The mutations also carried costs. Witchers became infertile and experienced a diminished emotional range (though the extent of emotional suppression is debated in both the books and games). Many witchers report feeling emotions but have been trained to suppress them.
Geralt of Rivia underwent additional experimental mutations beyond the standard trial, which no other witcher is known to have survived. These gave him greater resilience but also caused him to lose all hair pigmentation, resulting in his white hair.
Historical context
The Trial of the Grasses was developed centuries before the events of the games. Knowledge of how to perform the trial was closely guarded by each witcher school. After mobs and mage-led attacks destroyed several schools, this knowledge was progressively lost. By the time of The Witcher 3, Vesemir (the oldest surviving witcher) stated that the knowledge needed to create new witchers had been destroyed along with Kaer Morhen's laboratories.
Ciri and the Trial
In the books and previous games, Ciri never underwent the Trial of the Grasses. She trained at Kaer Morhen as a swordfighter but was never subjected to the mutations. The Trial was historically administered only to boys, and it was widely believed that girls could not survive it (though the School of the Cat was known to accept female trainees).
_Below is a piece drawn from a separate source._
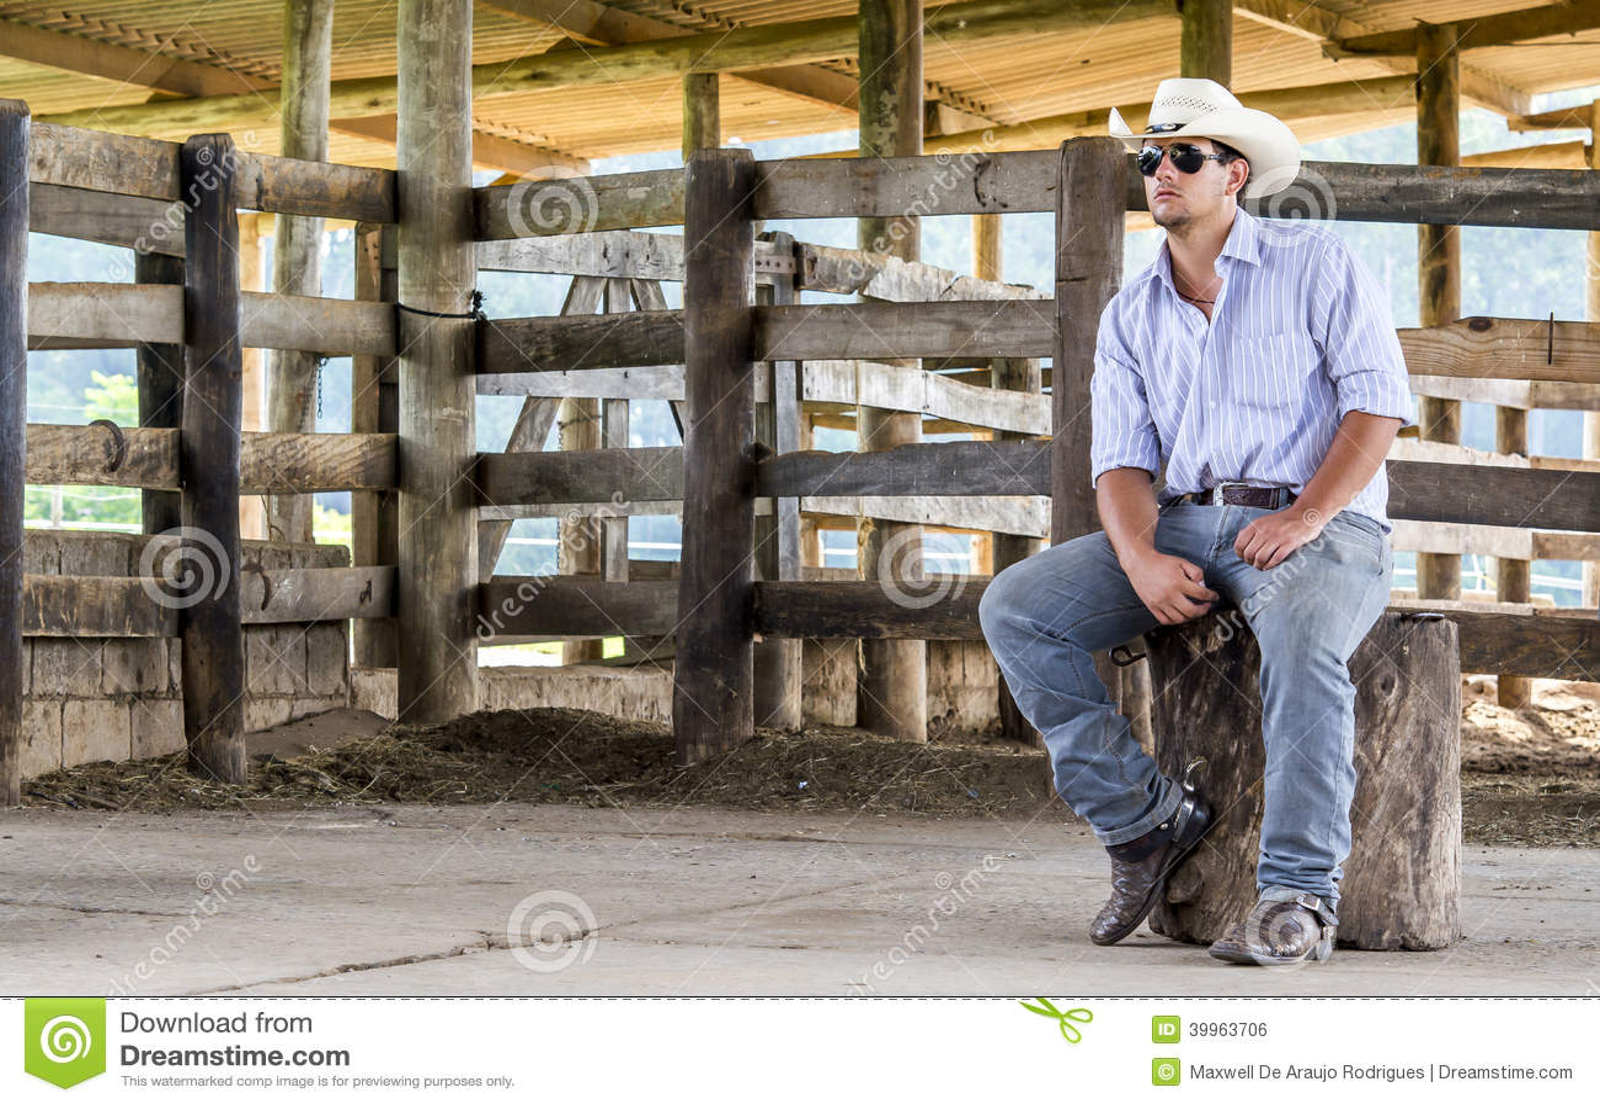 Cowboy assis

In The Witcher IV, Ciri has clearly undergone the Trial. Her cat-like eyes, ability to use witcher signs, and consumption of witcher potions all confirm the mutations took hold. How she survived a process that kills 70% of male candidates and was considered impossible for women remains an open question. Her Elder Blood, her status as a Source (someone born with innate magical talent), and her extensive training under Yennefer likely played a role.
Game director Sebastian Kalemba confirmed in an IGN interview that players will experience Ciri's Trial of the Grasses firsthand during the game, witnessing her transformation. This makes it one of the most anticipated narrative sequences in The Witcher IV.